Selective mesenteric angiography has been used in the investigation of gastrointestinal bleeding since the 1960s. It is now indicated in cases where endoscopic control of bleeding is unsuccessful or if endoscopy is unable to localize the site of bleeding . Moore et al  determined that the diagnostic accuracy of angiography rises from 50-75% to almost 90% if the patient is actively bleeding. Building on the angiographic criteria for diagnosis outlined by Boley et al in 1977 , Charbonnet and colleagues  have more recently defined direct (contrast extravasation) and indirect signs (vascular tuft, arteriovenous fistula, an early filling vein or a hypervascular mass) to diagnose active bleeding or to define the site of bleeding.

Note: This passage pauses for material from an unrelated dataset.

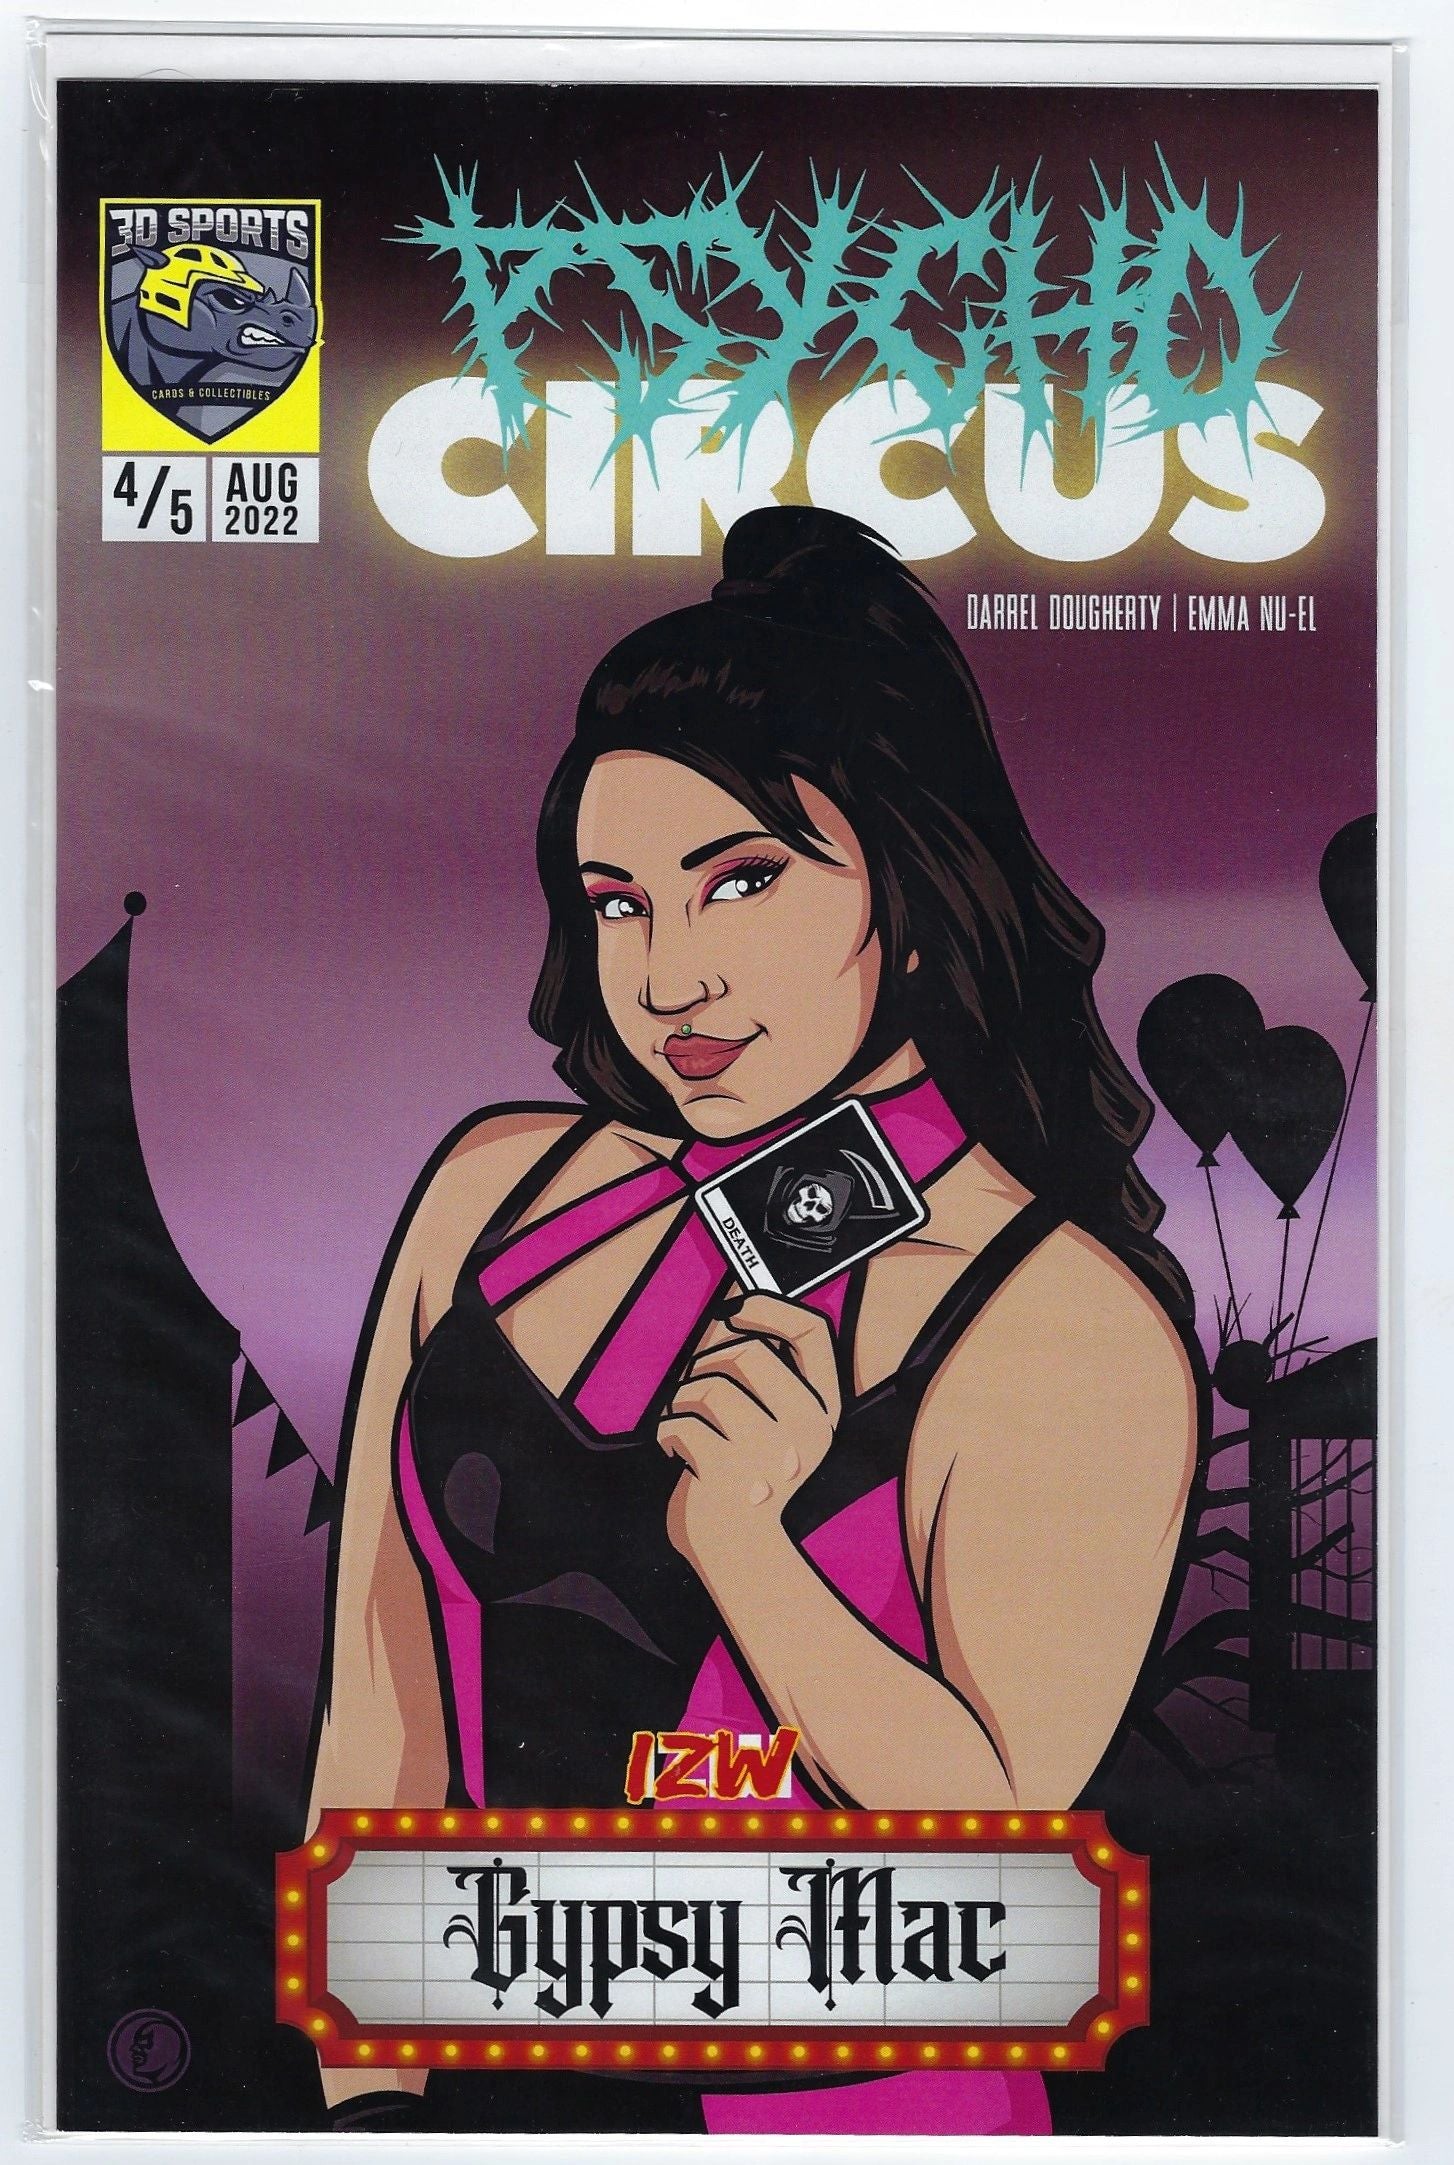 Gypsy Mac IZW Psycho Circus Comic Book Cover 4/5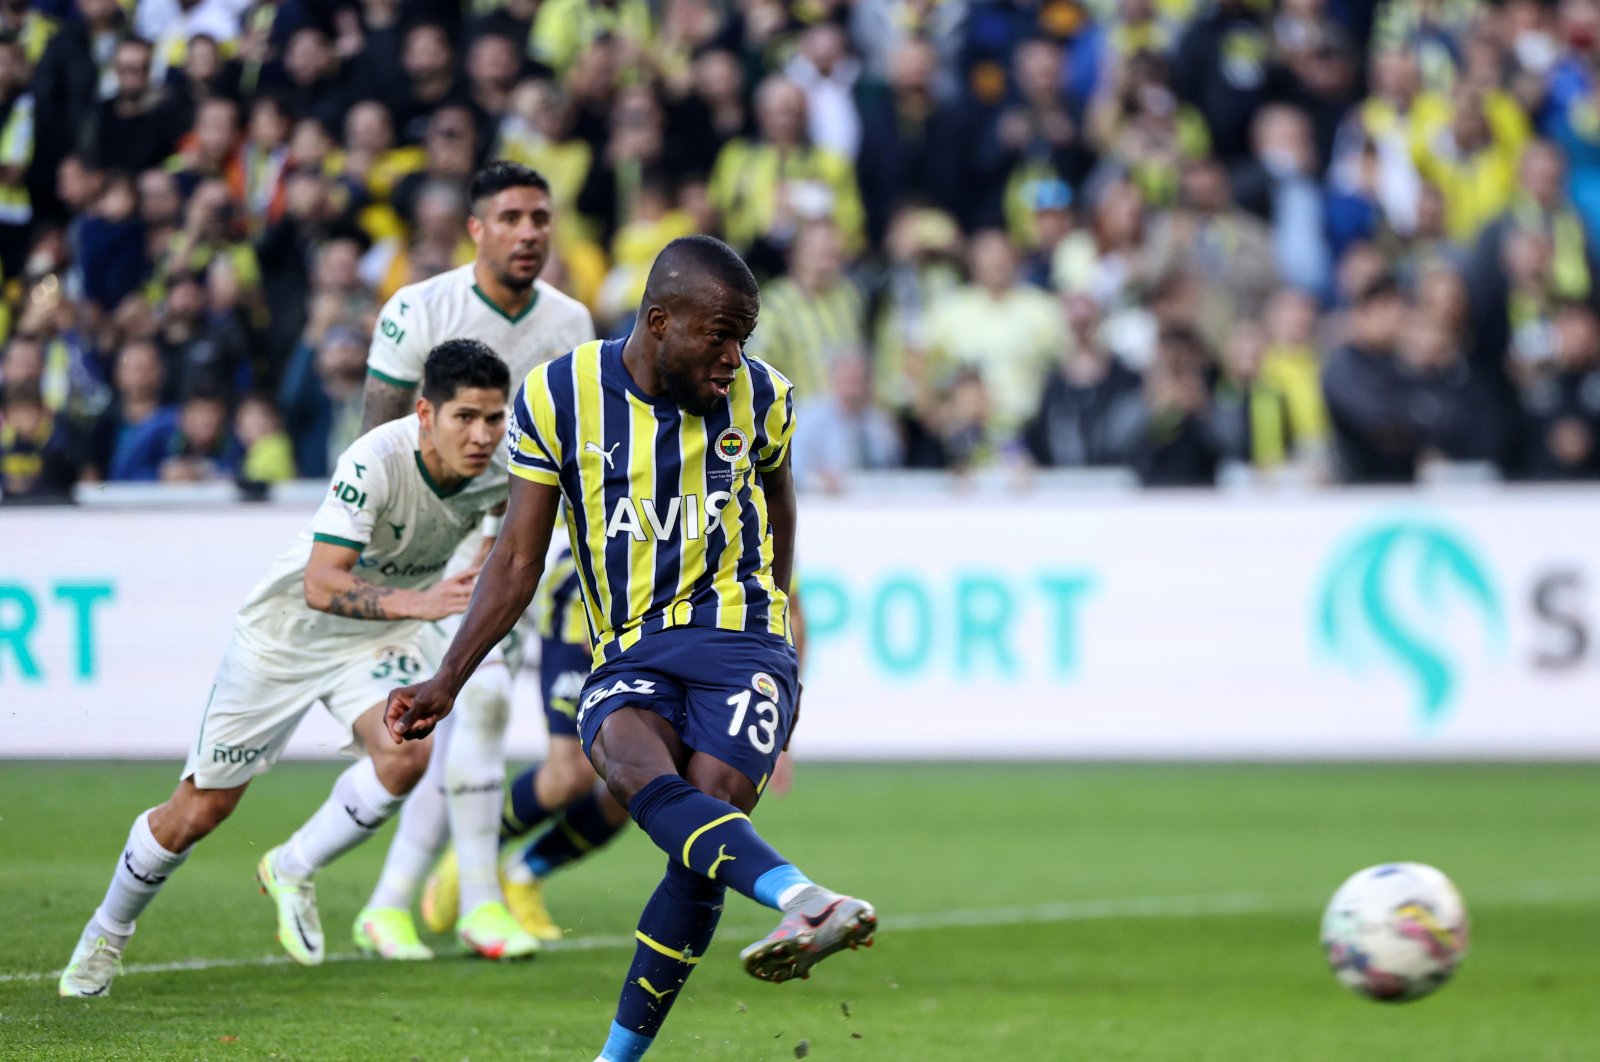 Fenerbahçe&#039;s Enner Valencia converts a penalty kick into a goal against Bitexen Giresunpor at the Ülker Fenerbahçe Şükrü Saraçoğlu Stadium, Istanbul, Türkiye, Nov. 12, 2022. (AA Photo)

Management of a bleeding gastric AVM may be endoscopic, angiographic, operative or a combination of these. While endoscopic coagulation or angiography and embolization may be successful in treating smaller gastric AVMs, complete resection is recommended for larger lesions or those that continue to bleed , and is the most common method employed. Post-operative bleeding due to incomplete initial removal of the lesion or the presence or development of another AVM in the gastrointestinal tract, has also been described  [7, 32]. Therefore these patients require careful monitoring in the acute post-operative phase, as well as regular follow up studies.
Although endoscopic and endovascular approaches are utilised more and more in the management of these lesions, our case highlights the important of surgery as a definitive procedure in emergencies and a treatment option in elective cases.